I will start with two lifecycle hooks using inline practises:

init() {
  this._super(...arguments);
  this._focusHandler = event => this.handleFocus(event);
  this._clickHandler = event => this.handleClick(event);
},
didInsertElement() {
  this._super(...arguments);
  let el = document.querySelector('#foo');
  el.addEventListener('focus', this._focusHandler);
  el.addEventListener('click', this._clickHandler);
},
willDestroyElement() {
  this._super(...arguments);
  let el = document.querySelector('#foo');
  el.removeEventListener('focus', this._focusHandler);
  el.removeEventListener('click', this._clickHandler);
}

This seemed to me a little needles and adding or removing meant changing two places plus the mental overhead of remembering more state for each event. Not to mention name collisions. Now we could make it more generic by storing them in a this._handlers POJO but at that point why not build out an intention revealing interface instead of having to remember a pattern when really you want to focus on the components intention and not how it manages event handling.

To address that I think a new object would be beneficial:

class DOMEventDelegator {
  constructor(element) {
    this.element = element;
    this.handlers = {};
  }
  register(eventName, handler) {
    this.handlers[eventName], handler);
    return this;
  }
  attach() {
    for (let eventName of Object.keys(this.handlers)) {
      this.element.addEventListener(eventName, this.handlers[eventName]);
    }
    return this;
  }
  detach() {
    for (let eventName of Object.keys(this.handlers)) {
      this.element.removeEventListener(eventName, this.handlers[eventName]);
    }
    return this;
  }
}

Fairly simple and maybe at first blush excessive.

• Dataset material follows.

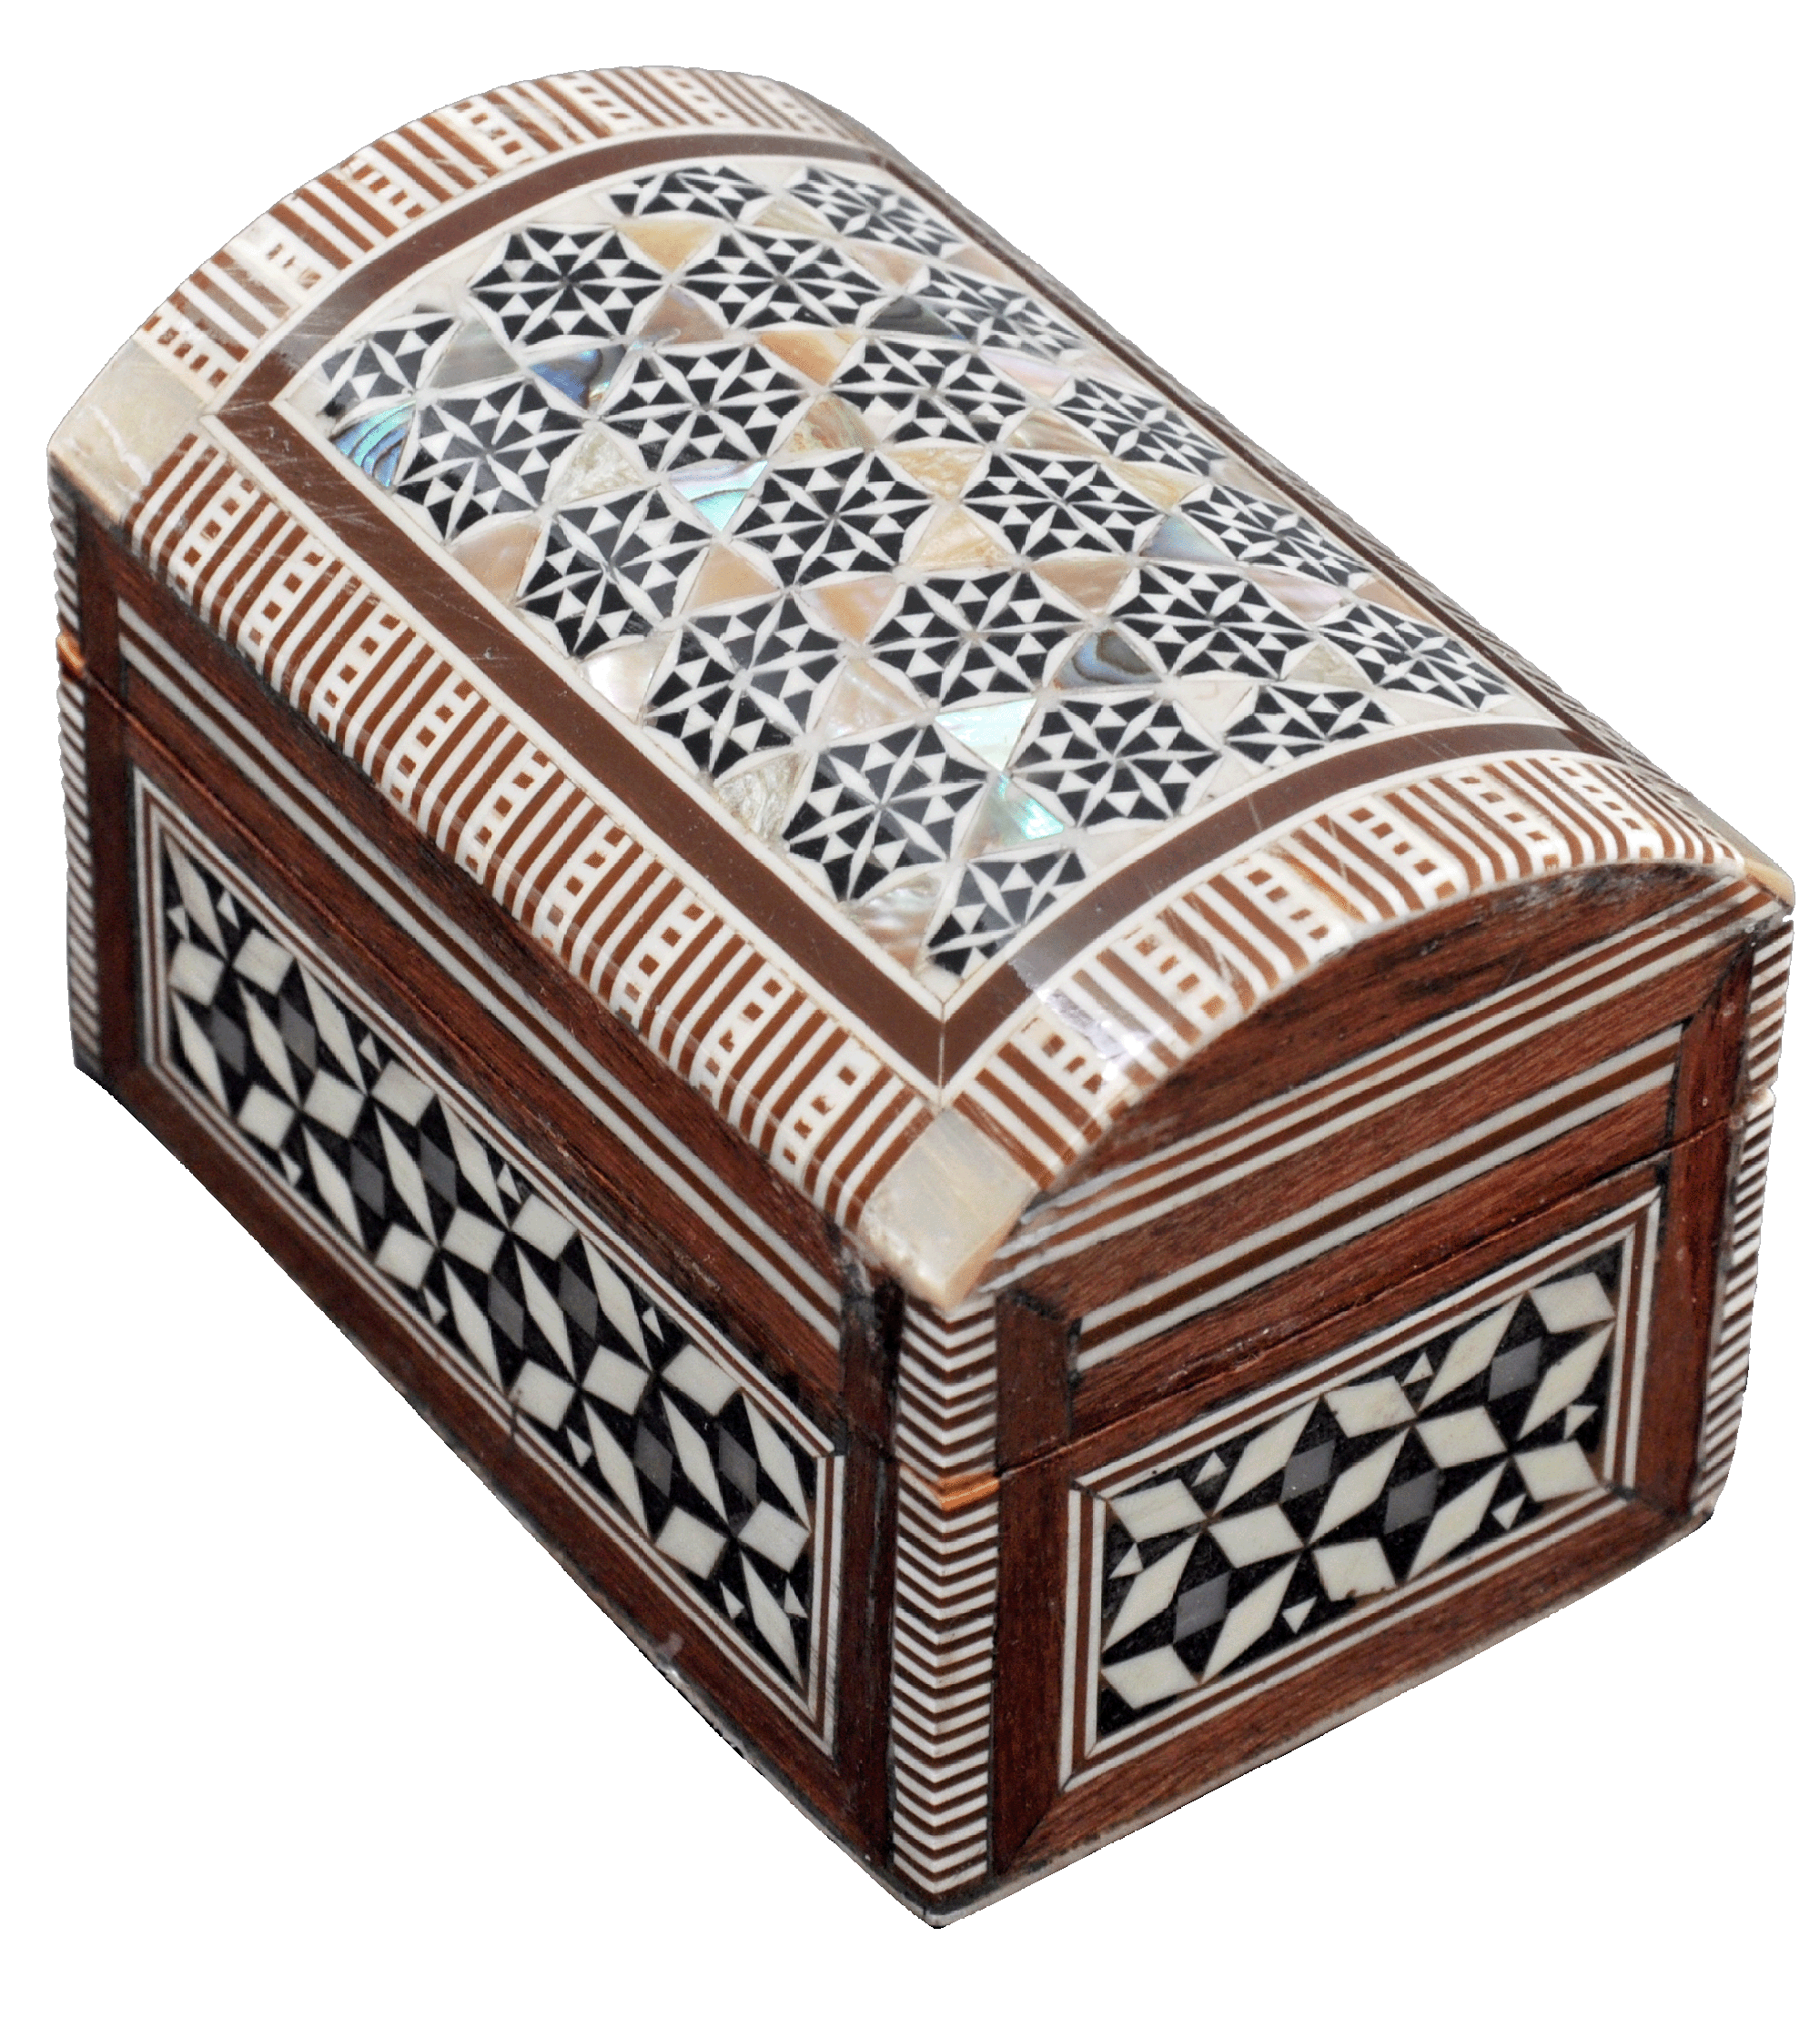 Egyptian Mosaic Jewelry Trinket Box Mother of Pearl BX10
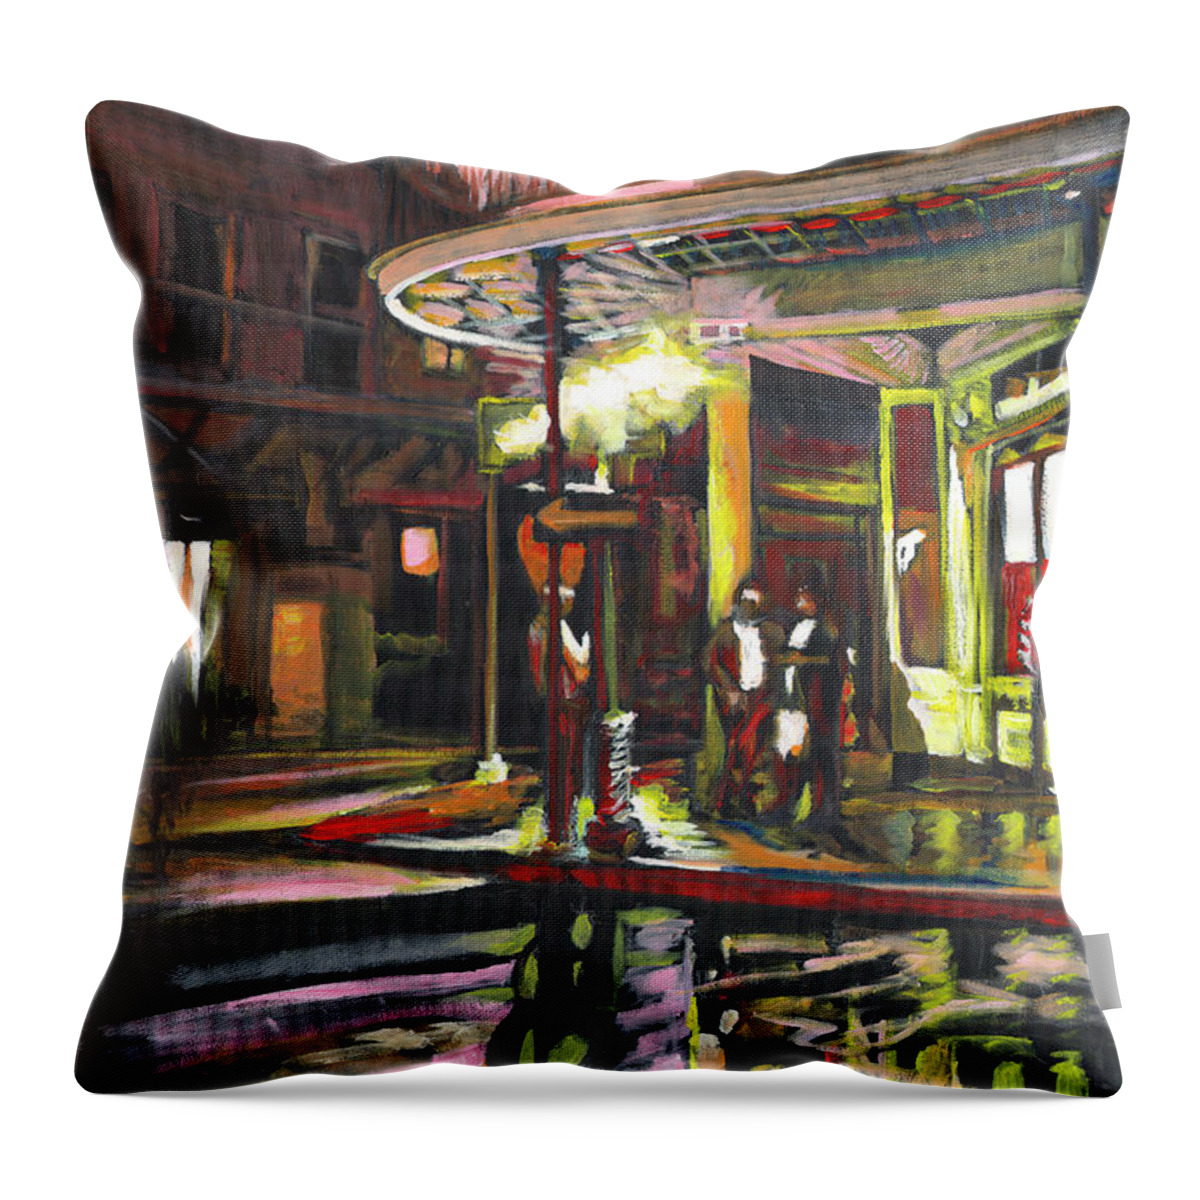 New Orleans Throw Pillow featuring the painting Night Shift by Amzie Adams

But once you see it in action the clouds in my head lift and wonderful light shines on the code:

init() {
  this._super(...arguments);
  let el = document.querySelector('#foo');
  this._eventDelegator = new DOMEventDelegator(el)
    .register('focus', event => this.handleFocus(event))
    .register('click', event => this.handleClick(event));
}
didInsertElement() {
  this._super(...arguments);
  this._eventDelegator.attach();
},
willDestroyElement() {
  this._super(...arguments);
  this._eventDelegator.detach();
}

This to me tells a much nicer story. It also allows easy updates. Adding an event means adding one line of code to register it. So does removing an event. Not only that but this means that the attaching and detaching can be decoupled from the act of the lifecycles. Maybe this happens from an action of method called on the component. Like a popup where we want to attach a document click handler only when the popup is open and have it removed when it closes. Using a delegator like this means the task of looking up a DOM element by ID happens once and it caches the element.

For me this make reading and understanding code easier. But at the cost of yet another object to which I would happily shout from the top of the soapbox Make More Objects!